<きちたび>ロサンゼルスの旅2024🇺🇸 現代美術館、人気の飲食店、そしてドジャーズスタジアム!多様性と格差のLAダウンタウンをバスでぐるぐる巡る

🇺🇸 アメリカ/ロサンゼルス 2024年2月18日~19日

リトルトーキョー、アダルトスクール、そして45年前に暮らして郊外の家。

どうしても行きたかった3か所の目的地を無事訪れることができたので、18日の午後からはTAPカードを使って適当にダウンタウン周辺をバスで回ってみることにする。

若き日に通ったアダルトスクール前のバス停から、4番のバスに乗り、とりあえず行けるところまで行ってみることにした。

市庁舎の近くの歩道にはホームレスのテントが並んでいるのが見えた。

ロサンゼルスのダウンタウンは相変わらずホームレスの多い街だ。

私が宿泊するカワダホテルの前を通過して、バスはダウンタウンを南下していく。

右手に見覚えのある建物が見えてきた。

45年前、ダウンタウンの象徴として君臨していた「ビルトモアホテル」、現在は「ミレニアム ビルトモア ロサンゼルス」と名前を変えたが創業100年の老舗ホテルである。

かつてはアカデミー賞のセレモニーが行われたり、映画の撮影に使われたりしたが、さすがに老朽化して近頃ではあまり人気がないらしい。

日曜日ということもあり、ダウンタウンの商店はほとんどがシャッターを降ろし、相変わらず活気がなかった。

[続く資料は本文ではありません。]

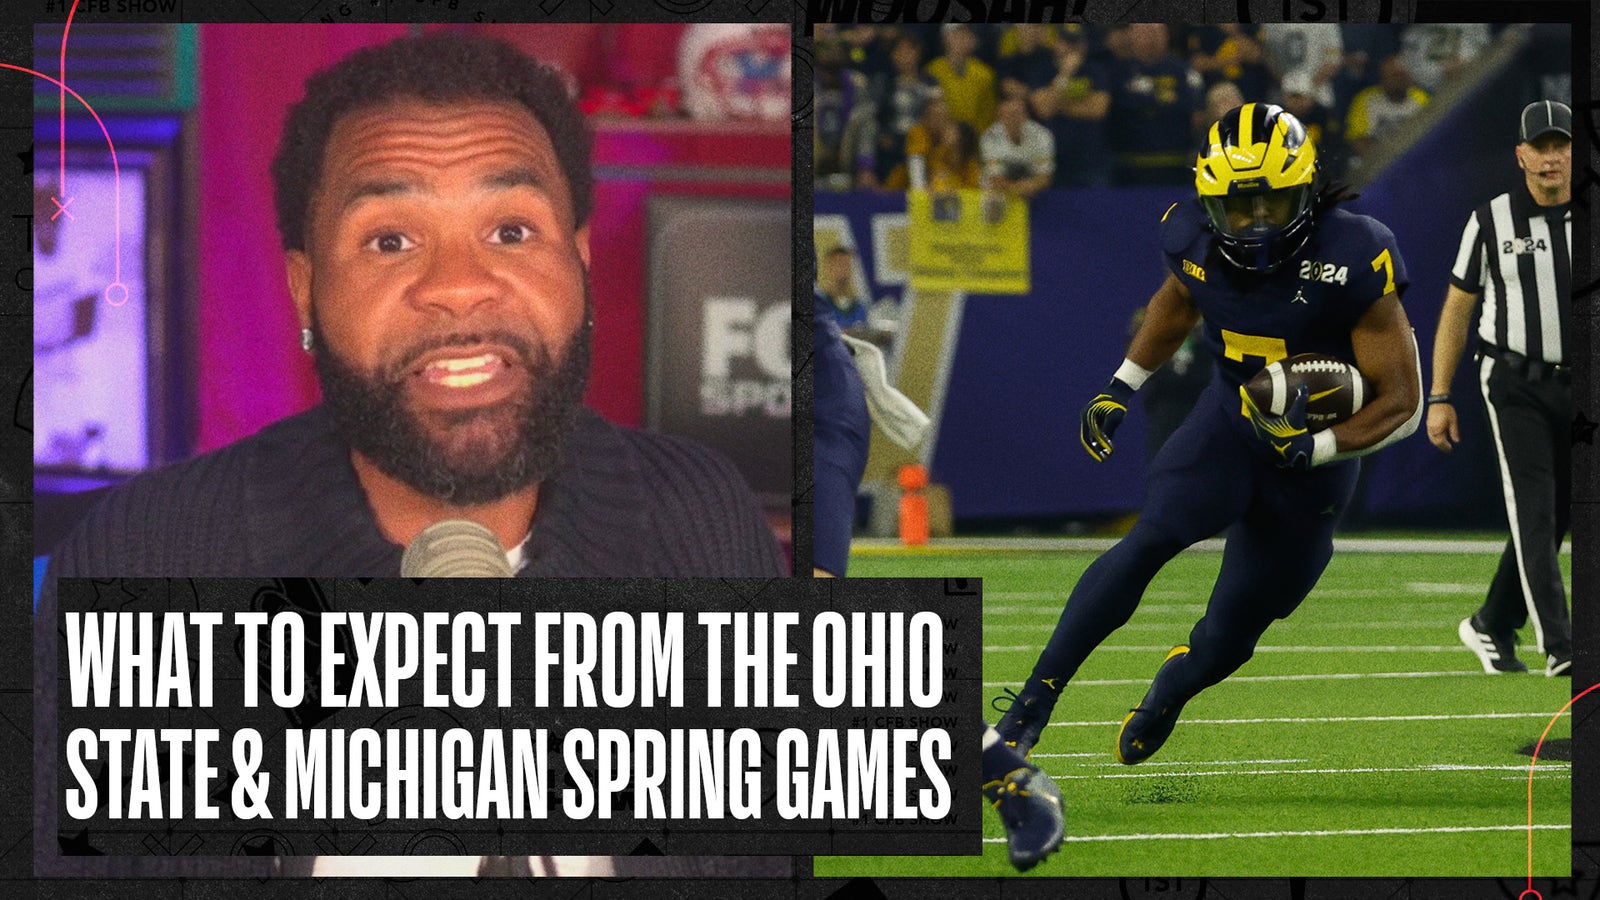 Ohio State & Michigan’s spring games will be on FOX: Here's what to expect

45年前、ロサンゼルスの目抜通りと言われたブロードウェイを歩いた時も、白人のホームレスが物乞いする姿にショックを受け、ロサンゼルスの荒んだ様子が強烈に心に刻まれた。

その雰囲気は今も変わらず残っているようだ。

バスが南に進むにつれ客が減り、ついに私一人だけになってしまった。

これはちょっとヤバいかもと思い始めた頃、バスはGoogleマップの予定ルートを外れてどんどん人気のない通りに入っていく。

通りを歩く人もいなくなり、落書きだけが目立つ街。

これは明らかにおかしい。

そう思ったら、バスはガード下の薄暗い駐車場に入って行った。

そこには路線バスがたくさん停まっているものの、乗客の姿はなかった。

バスが停車すると、私がまだ車内に乗っているのを見つけた運転手が文句を言っている。

私は謝りながらバスを降り、周囲を見回してこれは困ったなと思った。

バスの溜まり場はサンタモニカ・フリーウェイのガード下にあり、ダウンタウンの17番通りと18番通りの間であった。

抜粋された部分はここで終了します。